Um ein ambitioniertes Klimaschutzziel zu erreichen, muss die Nutzung der Atmosphäre als globales Gemeinschaftsgut begrenzt und die Nutzungsrechte neu verteilt werden. Dies hat weitreichenden Folgen: Zum einen werden die Besitzer fossiler Ressourcen einen großen Teil ihrer Ressourcenrente verlieren. Zum anderen wird die Klimapolitik zu weiteren Konflikten in den internationalen Verhandlungen führen. Denn obwohl Emissionsreduktionen für alle Länder vorteilhaft wären, haben die Staaten einen starken Anreiz, als Trittbrettfahrer aufzutreten.
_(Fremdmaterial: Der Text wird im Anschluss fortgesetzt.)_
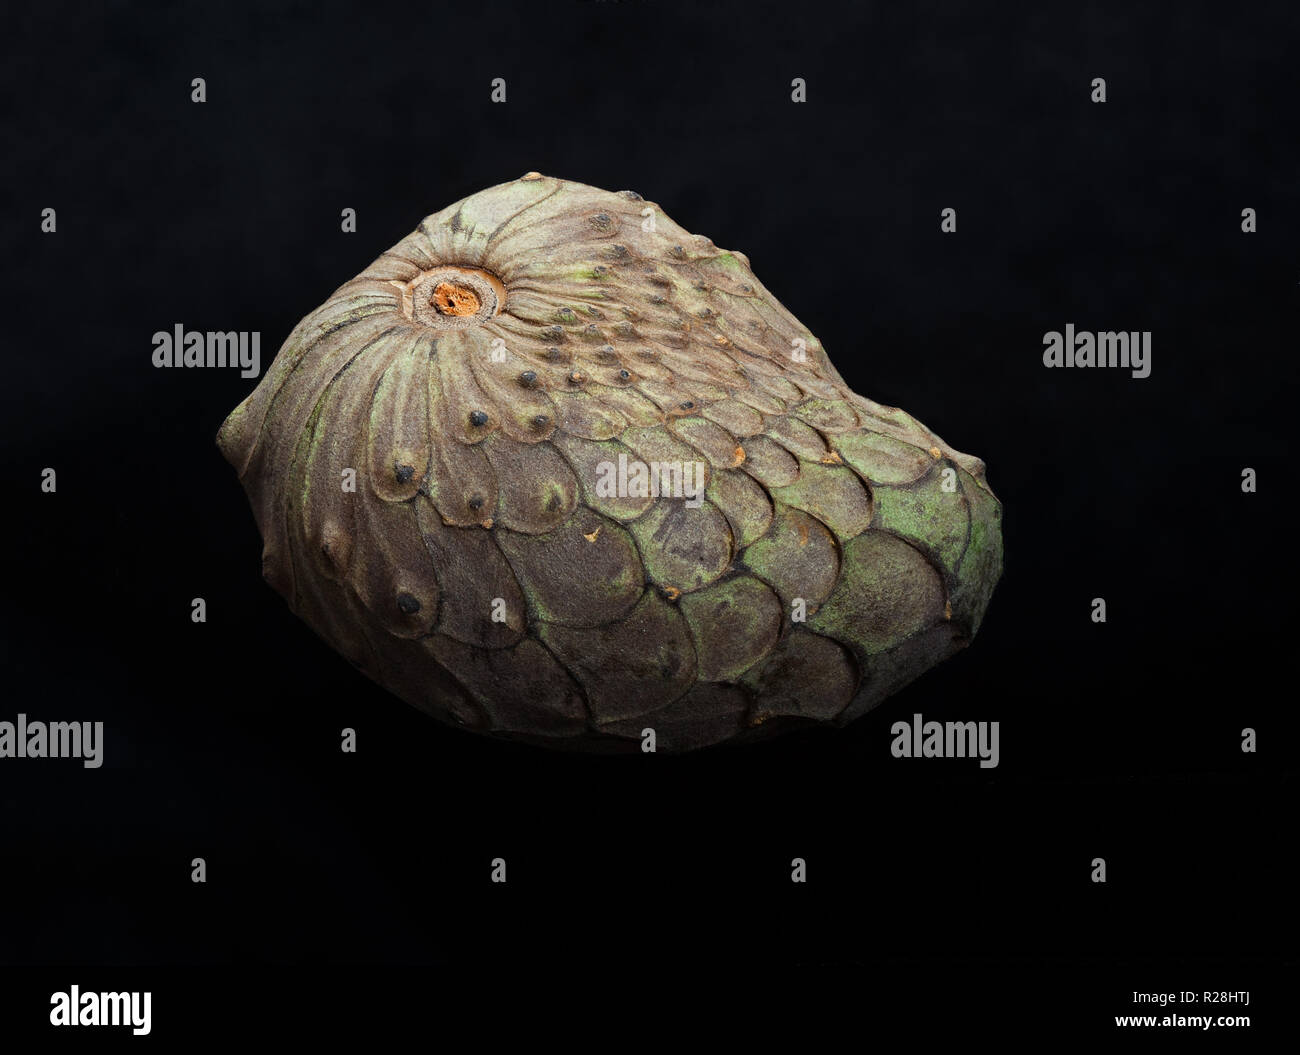 Close up of a Cherimoya fruit on a black background. - Stock Image

Da weder eine Weltregierung noch eine entsprechend enge Koordination nationaler Politiken existiert, müssen unilaterale Initiativen und Abkommen zwischen Nationalstaaten und subnationalen politischen Initiativen implementiert werden, mit denen sich das Kooperationsproblem anreizkompatibel überwinden lässt.

Suggested Citation

  • Ottmar Edenhofer & Christian Flachsland, 2012. "Die Nutzung globaler Gemeinschaftsgüter: Politökonomische Herausforderungen an die Klimapolitik," ifo Schnelldienst, ifo Institute - Leibniz Institute for Economic Research at the University of Munich, vol. 65(12), pages 29-35, June.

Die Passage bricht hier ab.